つまり、一つ一つのものはすべてに存在の意味があり、しかも全てが異なっているのです。けれどわれわれ人間はともすれば他人と同じであることを好みます。同じであることによって一人ではないという安心感が得られるからです。特に日本人は横並び意識が強くて異なるものを排斥したがる傾向にあります。
でも思い出してみてください。われわれは元々は一つだったのです。神という概念など使わなくても、現代物理学では常識となっているビッグバン理論でさえ元は一つだったといっています。 元々が一つであったことを忘れ、他者との分離を刷り込まれることによって恐れや不安が生まれたのです。そして、その怖れや不安が違いを受け入れられなくしているのです。
逆にまったく同じであるならばどちらか一方は存在する必要がありません。神はまったく同じ経験を得る必要はないからです。寸分違わずまったく同じであるならば、どちらか一方があれば神にとってはそれで十分なのです。極端な言い方をするならば、違っているからこそ存在していられるのだと言っても良いくらいなのです。
そこで極めて大切となることは、違いを認め、受け入れていかに共存を図って行くかと言うことです。他人と違っていることに恐れや不安を感じる必要はありません。むしろ違いを排斥しようとすれば、いつか自分が排斥されることになるのだと言うことを人間は忘れるべきではないのだと思います。
(7) 二者択一
現世を生きて行く上で私たちは常に何らかの選択を迫られます。その選択方法の一つとして「二者択一」という選択方法があることは御存知のとおりですが、その選択方法が持つ落とし穴について書いておきたいと思います。

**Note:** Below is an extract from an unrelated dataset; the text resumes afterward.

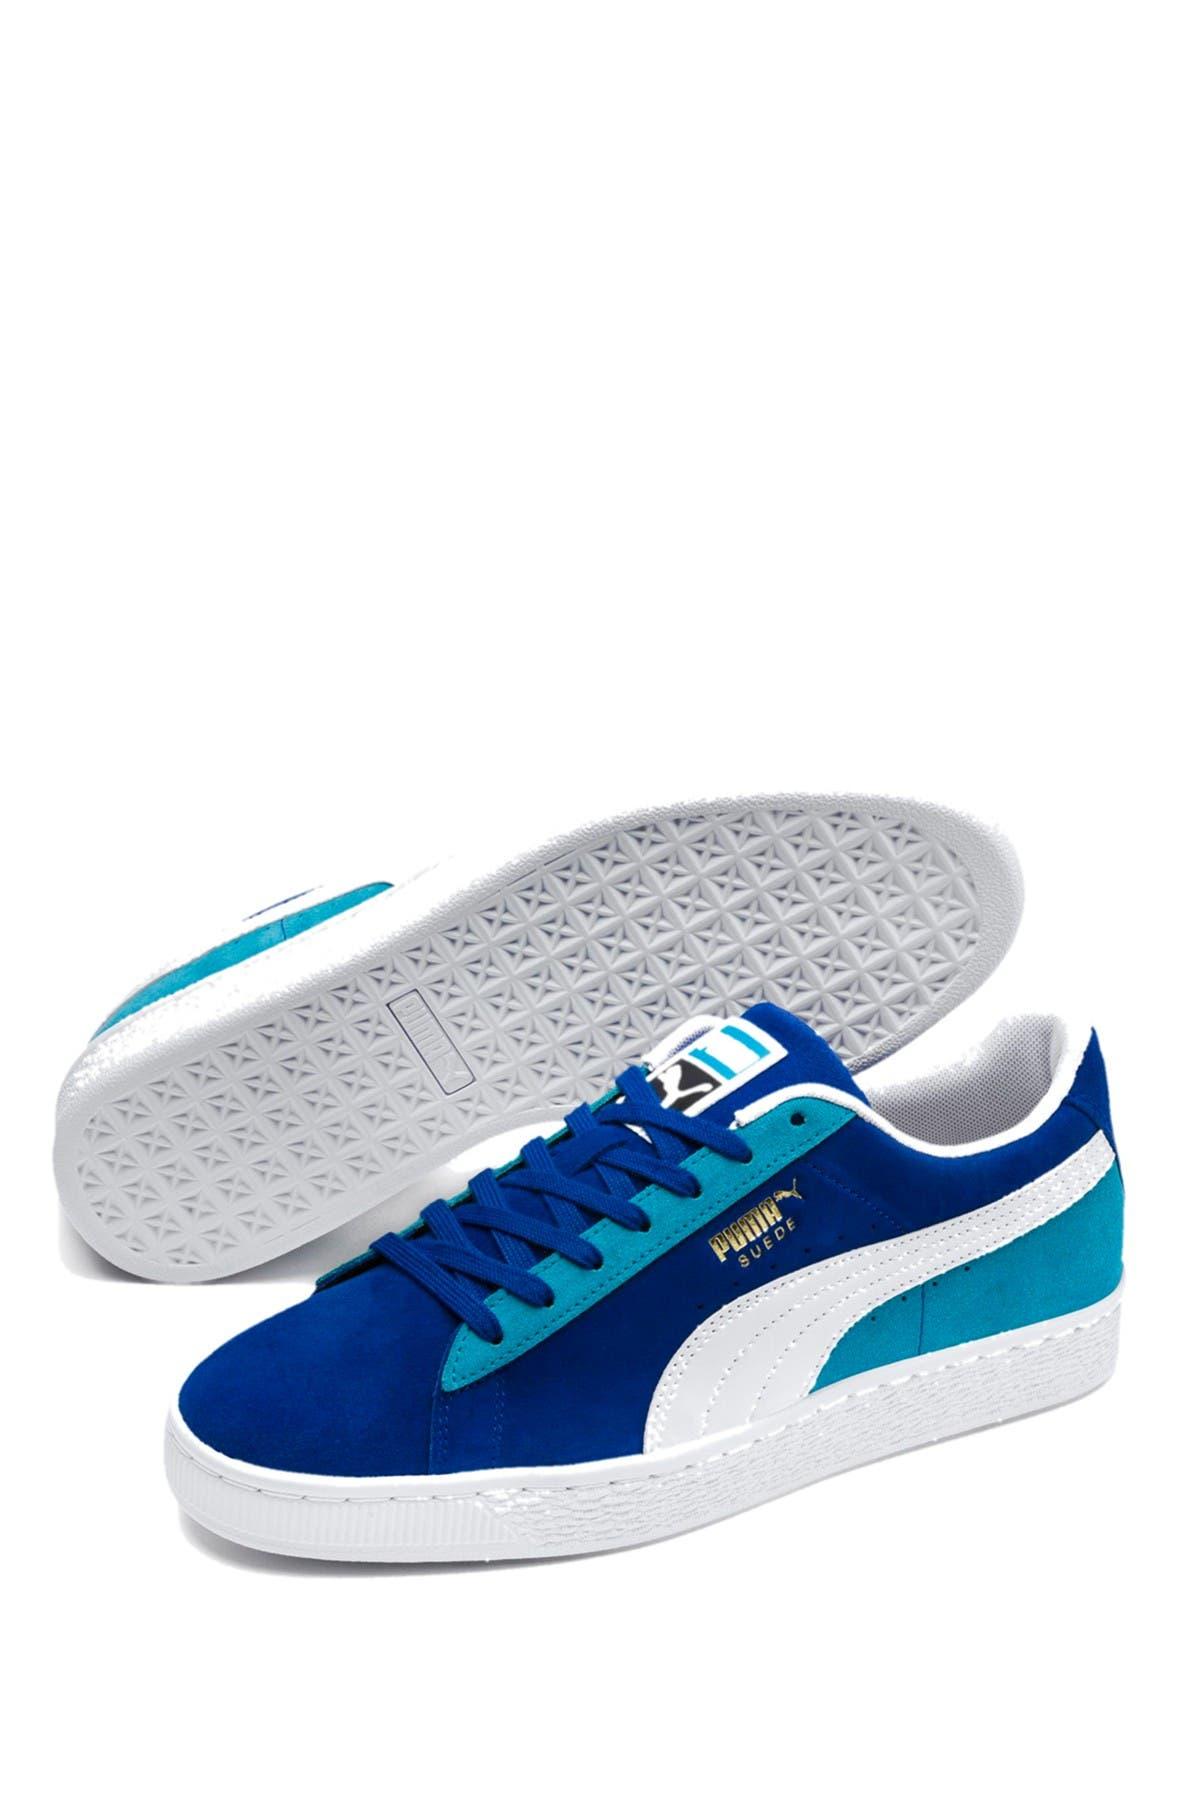 PUMA | Suede Classic Kokono Sneakers

「二者択一」という選択方法は、白か黒か、二つのうちの一つを選ぶということで、とてもシンプルで分かり易い選択方法だと思います。だから世の中の様々な局面であるいは日常生活の中でも頻繁に使われているのではないでしょうか。現代社会に欠くことのできないコンピューターも究極的には0か1かの世界であり、その影響もあるのかもしれません。
けれども人間が現世を生きて行く上での選択方法は「二者択一」だけなのでしょうか。どんな複雑な問題も厳密に分析してゆけば必ず「二者択一」になると言う考え方もあるでしょう。でも、ちょっと見方を変えてみるとどうなるでしょうか。当たり前のことかもしれませんが白と黒の間には無限と言っても良いだけのグレーがあるはずです。限りなく黒に近いグレーもあれば限りなく白に近いグレーもあるというのが現実の社会だと思います。
さらに言わせてもらうならば、色の3原色、光の3原色と言うこともあります。3つの色を適切な割合で混ぜ合わせればすべての色を表現できると言うことを学校で学んだと思います。絵の具では赤、黄、青であり、光では赤、緑、青です。そして3つの色を均等に混ぜ合わせると絵の具では黒になり、光では白になるのです。
この考え方から行けば白と黒の間にはグレイだけではなくすべての色も含まれているという見方も出来るのではないかと思うのです。
私は「二者択一」という選択方法を否定するつもりはありません。ただ、便利だからと言って安易に使うのは如何なものかと思うのです。あなたの現世にはきわめて豊富な選択肢が用意されています。ほんのちょっと見方を変えるだけでとても豊かな生き方が選択できるのです。選択肢を狭めることなく自分の可能性を信じて生きて行くべきではないでしょうか。そのために時々ちょっと立ち止まって自分の選択方法を点検してみることが大切だと思います。
(8) 波動
私は、この世に存在するすべてのものが持つ性質の一つとして波動があるのではないかと思っています。その波動について書いてみたいと思います。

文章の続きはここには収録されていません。